I not only brought the expectation of being hurt into my relationship with my therapist, I also brought the expectation of sexualization of that relationship. It was from the actions of my therapist .. that he could hold a child or woman without responding sexually, and in fact could help me learn appropriate touch by modeling it .. that that difficulty was breached.

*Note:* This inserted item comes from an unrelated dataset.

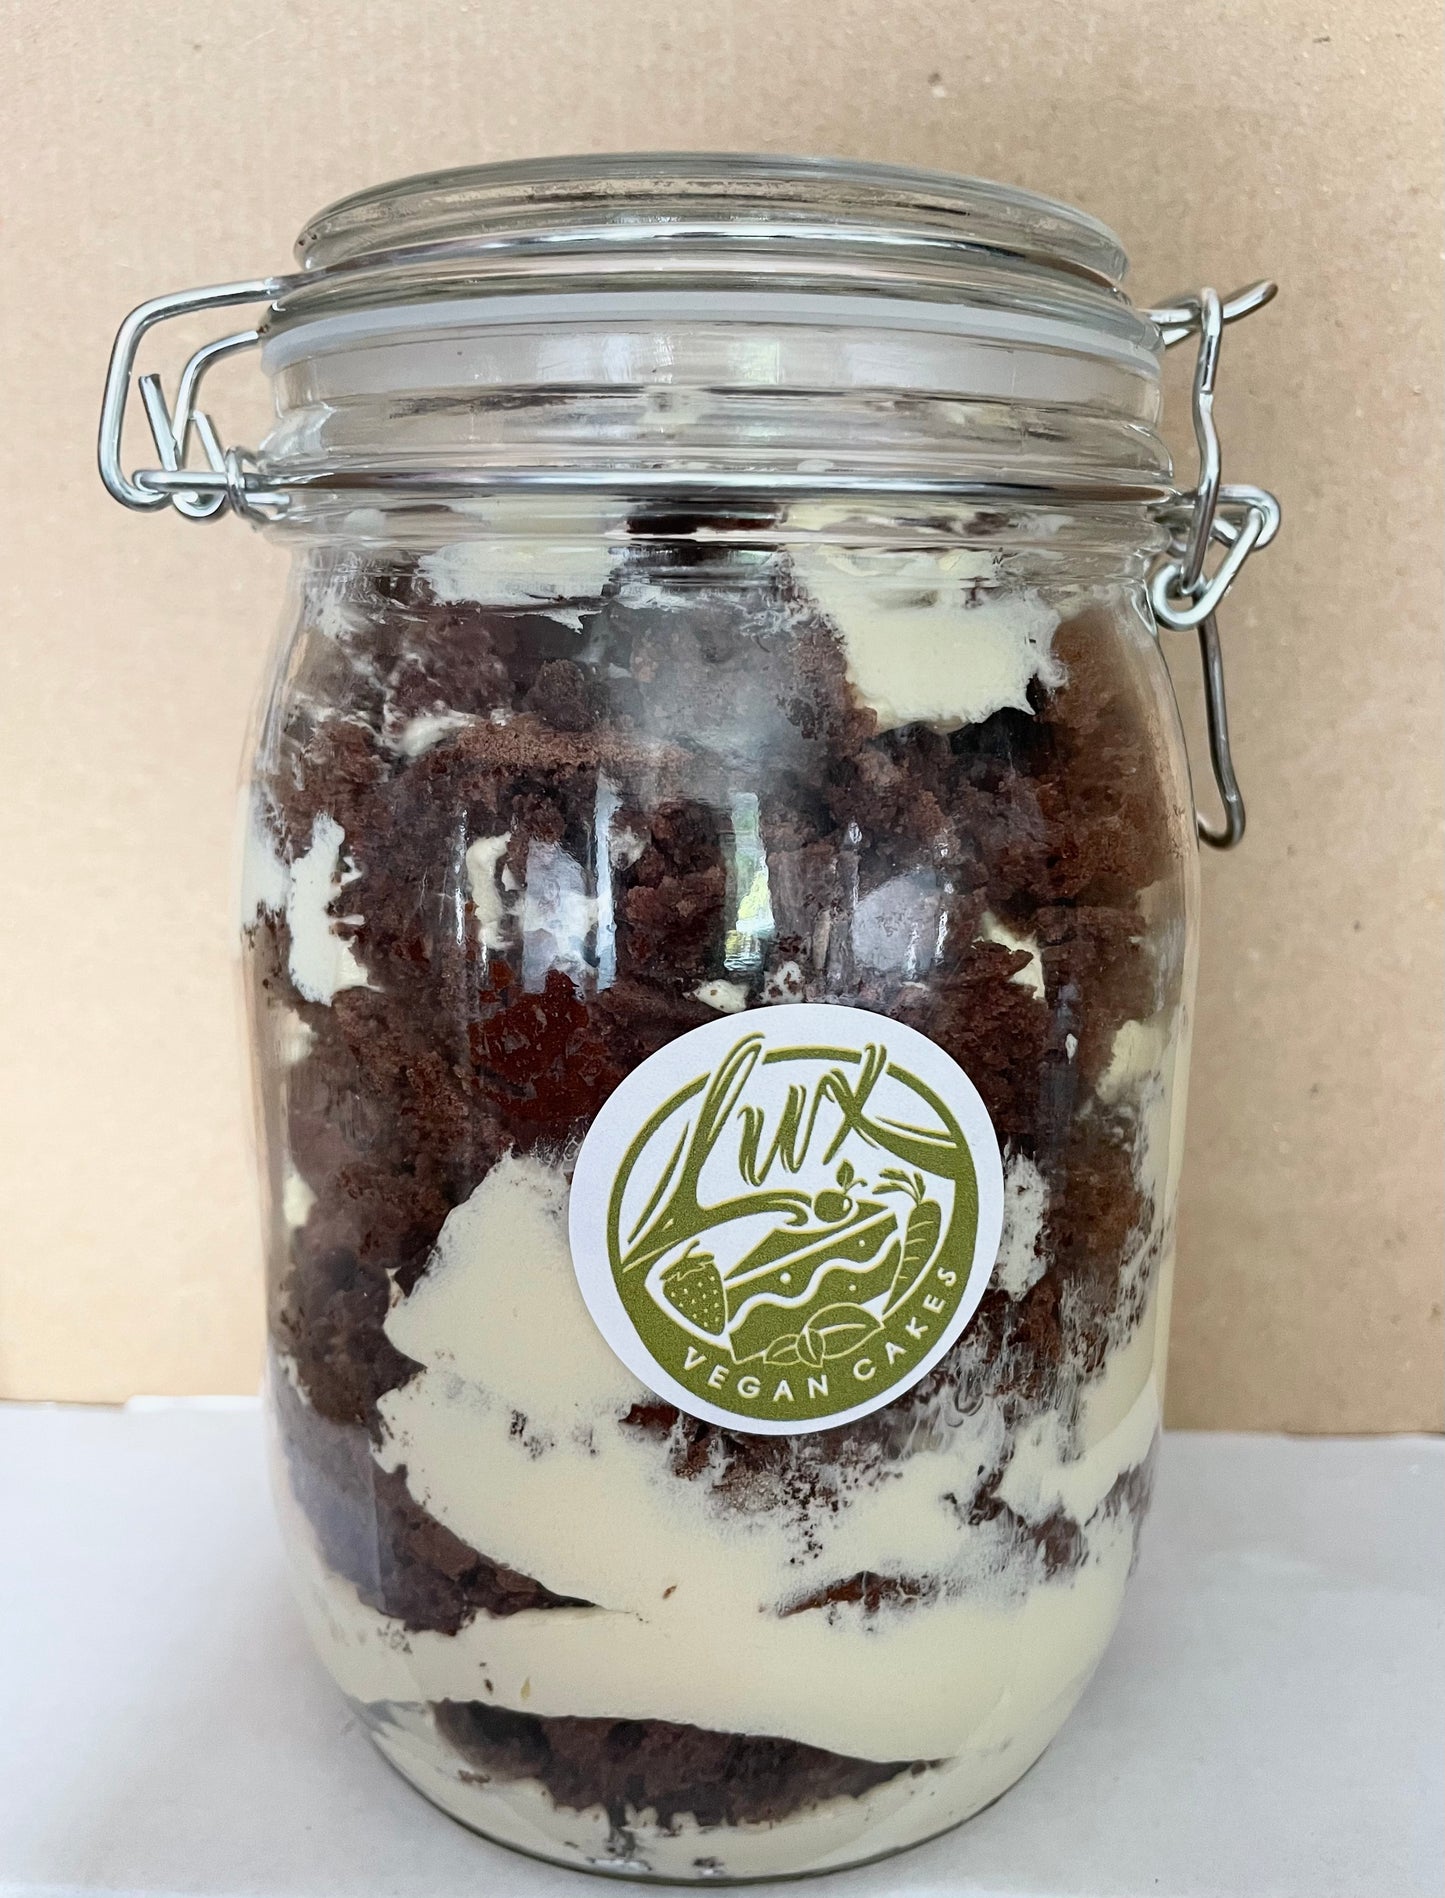 XL Cookies and cream Cake in a Jar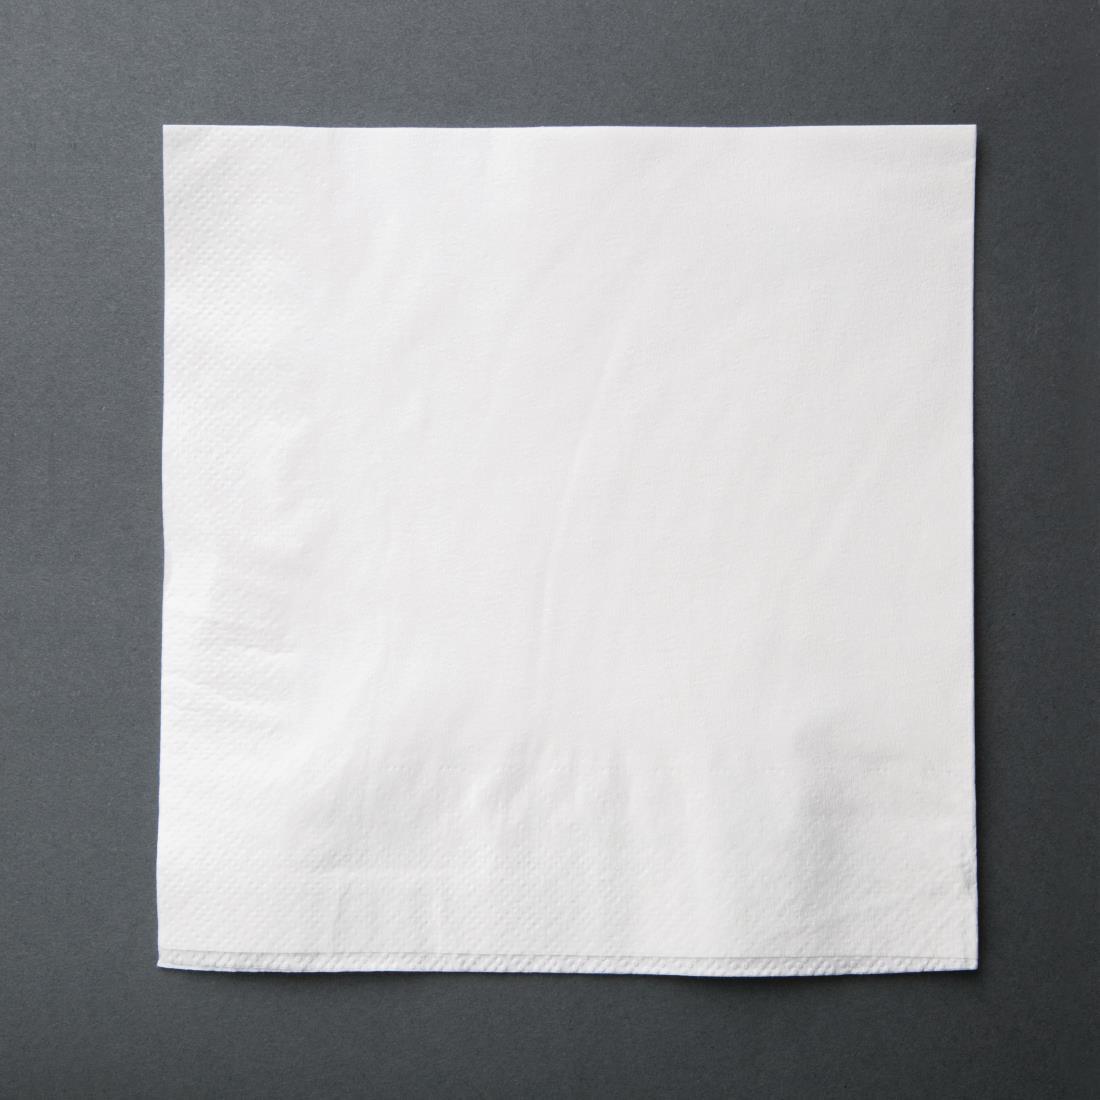 Fiesta Recyclable Lunch Napkin White 30x30cm 2ply 1/4 Fold (Pack of 250) - CM563  - 2

In the reparenting role there was definitely confusion over what I meant, how much I meant, how being cared for in relationship to the therapeutic dyad compared to my therapist’s personal life and personal relationships, but, as a good parent helps a child to understand that they are loved in spite of siblings, friends, work and lover or mate, and that the differences in those relationships do not preclude the value of what is offered, a therapist can model honest and appropriate caring without taking on the role of actual parent, or best friend, or lover. If the difficulty of disentangling confused attachments is used as an excuse to prevent those difficulties from arising to be worked through and corrected, the therapy has failed to do the job for which it is intended.
This is the work of therapy. Without it, the best that can be hoped for is the creation of a sufficiently controlling self-state to somehow balance the demands of recurring pain with socially more-appropriate displacement coping mechanisms to manage that pain. In order for growth and actual healing to take place, we must be returned to the best that nature has to offer … helping hands, loving hearts, a shoulder to cry on, and the realization that independence is based upon healthy interdependence.